Problems under Ubuntu

Ubuntu’s packaging of Python omits the idlelib library from it’s base packge. If you’re using Python 2.7 on Ubuntu 13.04, you can install idlelib by running:

$ sudo apt-get install idle-python2.7

For other versions of Python and Ubuntu, you’ll need to adjust this as appropriate.

Problems under Windows

If you’re running Duvet in a virtualenv, you’ll need to set an environment variable so that Duvet can find the TCL graphics library:

$ set TCL_LIBRARY=c:\Python27\tcl\tcl8.5

You’ll need to adjust the exact path to reflect your local Python install. You may find it helpful to put this line in the activate.bat script for your virtual environment so that it is automatically set whenever the virtualenv is activated.

Documentation

Documentation for Duvet can be found on Read The Docs.

Community

Duvet is part of the BeeWare suite. You can talk to the community through:

Contents:

Contributing to Duvet

If you experience problems with Duvet, log them on GitHub. If you want to contribute code, please fork the code and submit a pull request.

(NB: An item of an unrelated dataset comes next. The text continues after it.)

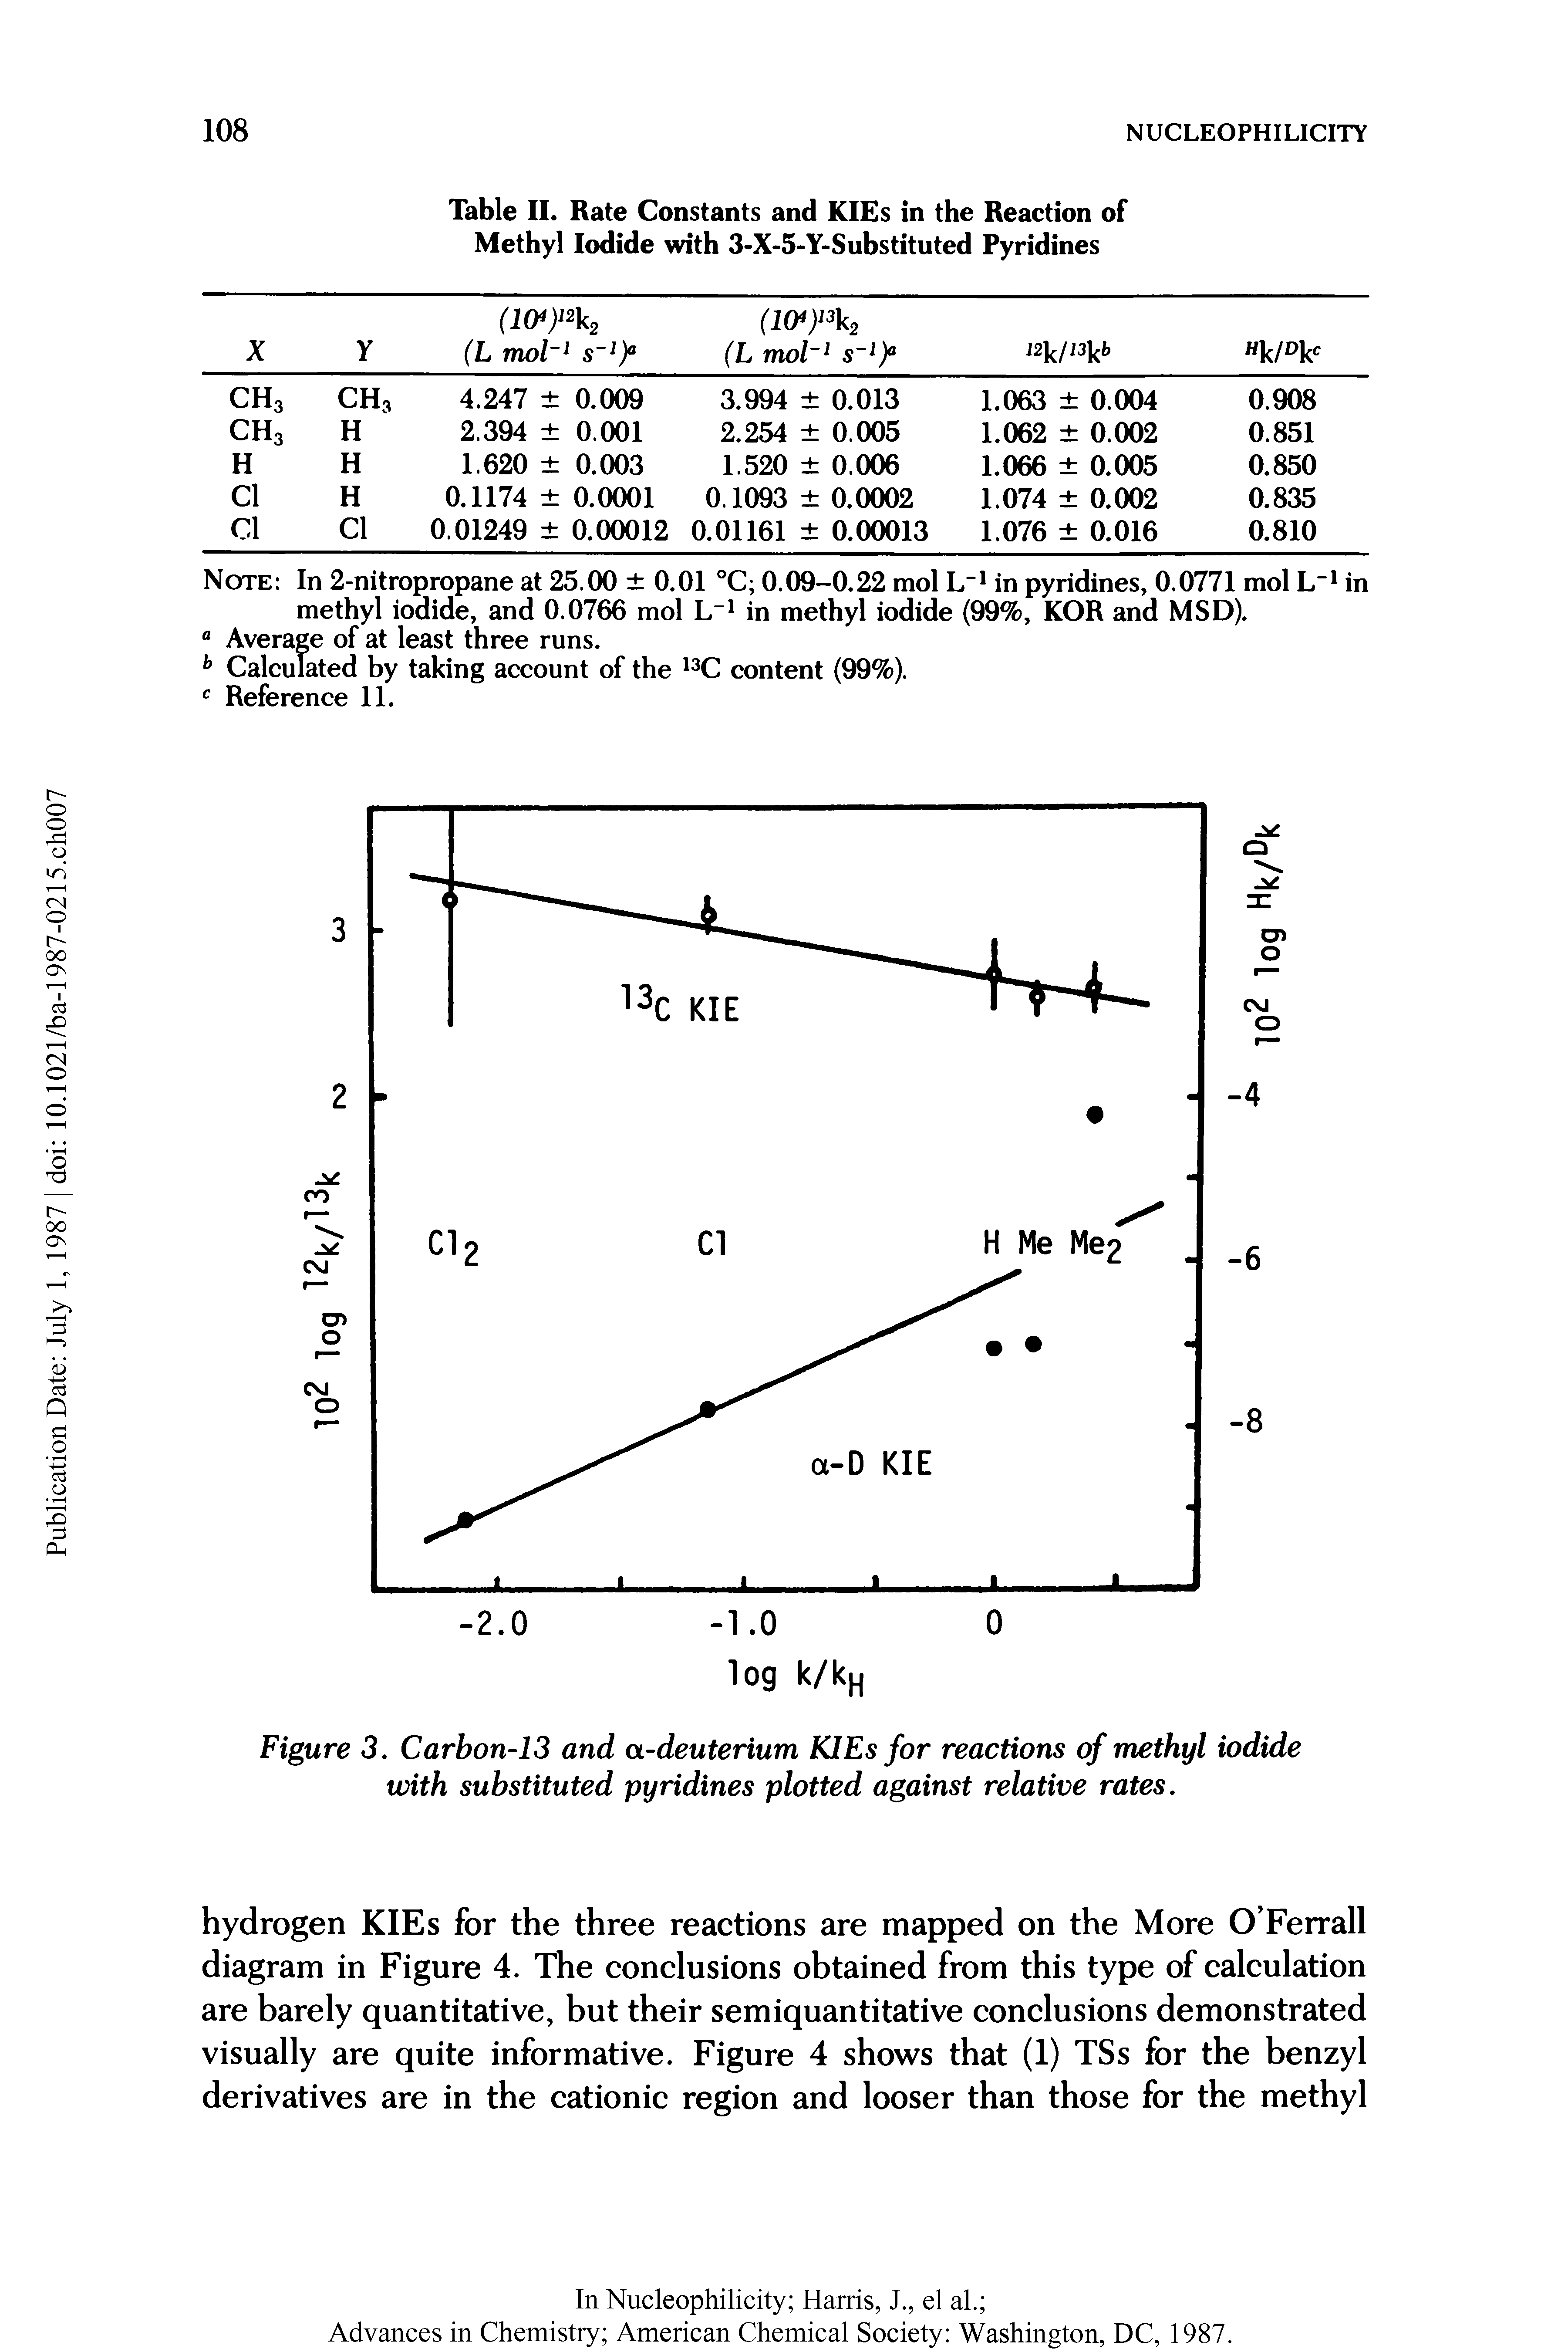 Figure 3. Carbon-13 and a-deuterium KIEs for reactions of methyl iodide with substituted pyridines plotted against relative rates.

Setting up your development environment

The recommended way of setting up your development envrionment for Duvet is to install a virtual environment, install the required dependencies and start coding. Assuming that you are using virtualenvwrapper, you only have to run:

$ git clone git@github.com:pybee/duvet.git
$ cd duvet
$ mkvirtualenv duvet

Duvet uses unittest (or unittest2 for Python < 2.7) for its own test suite as well as additional helper modules for testing. To install all the requirements for Duvet, you have to run the following commands within your virutal envrionment:

$ pip install -e .
$ pip install -r requirements_dev.txt

In case you are running a python version < 2.7 please use the requirements_dev.py26.txt instead because unittest2 is not part of the standard library for these version.

Now you are ready to start hacking! Have fun!

Duvet Roadmap

Duvet is a new project - we have lots of things that we’d like to do. If you’d like to contribute, providing a patch for one of these features:

  • Port to Python 3

Release History

0.1.3 - In development

0.1.2 - 27 September 2013

  • Corrected various problems under Windows
  • Added a Global file tree, to show files not in the current project directory

0.1.1 - 26 September 2013

  • Added overall coverage display and tracking.

0.1.0 - 24 September 2013

Initial public release.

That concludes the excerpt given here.